Limits and Derivatives

Solution:

Consider $\displaystyle\lim_{x \to 0}\left\{\frac{1+tan \,x}{1+sin \,x}\right\}^{cosec \,x} $
$= \displaystyle\lim _{x \to 0} \frac{\left[\left(1+\frac{sin \,x}{cos\, x}\right)^{\frac{cos \,x}{sin\, x}}\right]^{1/cos \,x}}{\left(1+sin x\right)^{1/ sin \,x}}$
[$\because tan\, x = \frac{sin \,x}{cos \,x}$ and $cosec\, x = \frac{1}{sin \,x}$]

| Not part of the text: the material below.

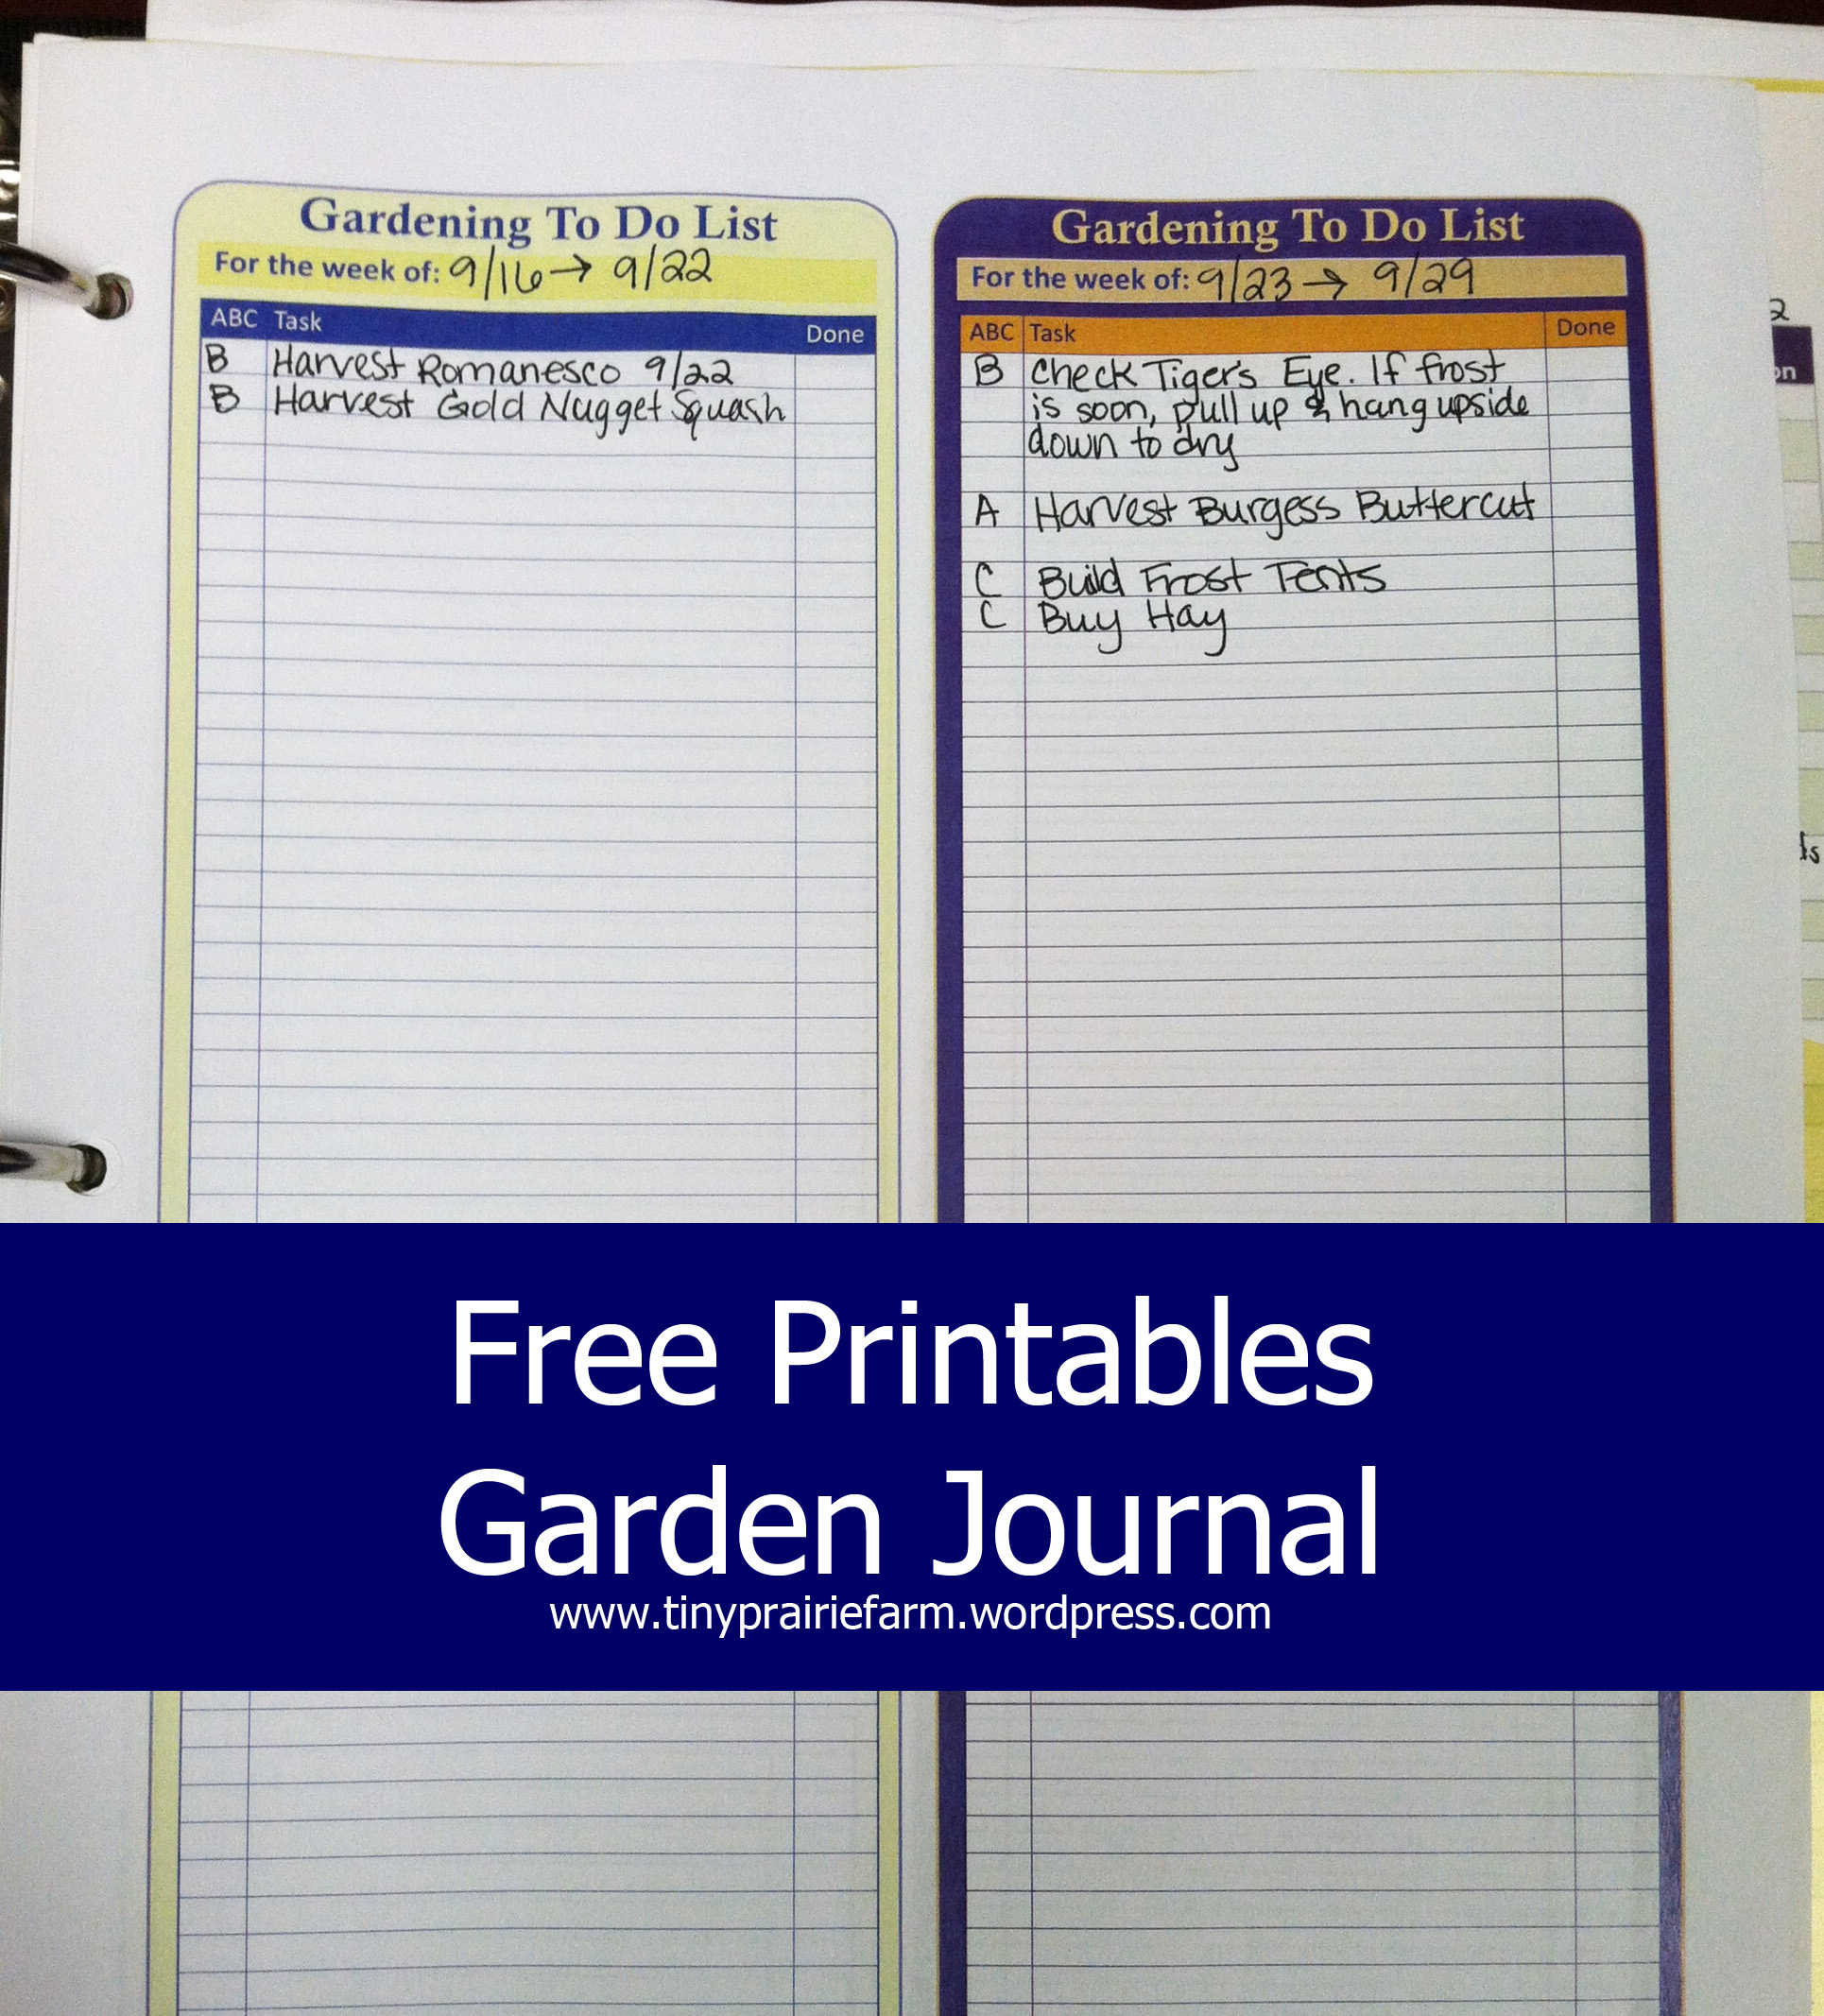 Garden Planning: My Garden Journal | Tiny Prairie Farm

We know, $\displaystyle\lim _{n \to 0}\left(1+\frac{1}{n}\right)^{n} = e$
$\therefore = \displaystyle\lim _{x \to 0} \frac{\left[\left(1+\frac{sin\, x}{cos\, x}\right)^{\frac{cos\, x}{sin \,x}}\right]^{1/cos \,x}}{\left(1+sin\, x\right)^{1/ sin \,x}}$
$= \displaystyle\lim _{x \to 0} \frac{\left[\left(1+\frac{1}{\frac{cos \,x}{sin \,x}}\right)^{\frac{cos \,x}{sin\, x}}\right]^{\frac{1}{cos \,x}}}{\left[\left(1+\frac{1}{cosec \,x}\right)^{cosec\, x}\right]}$
$= \frac{e^{\displaystyle\lim_{x \to 0} \frac{1}{cos \,x}}}{e}$
$ = \frac{e}{e} = 1.$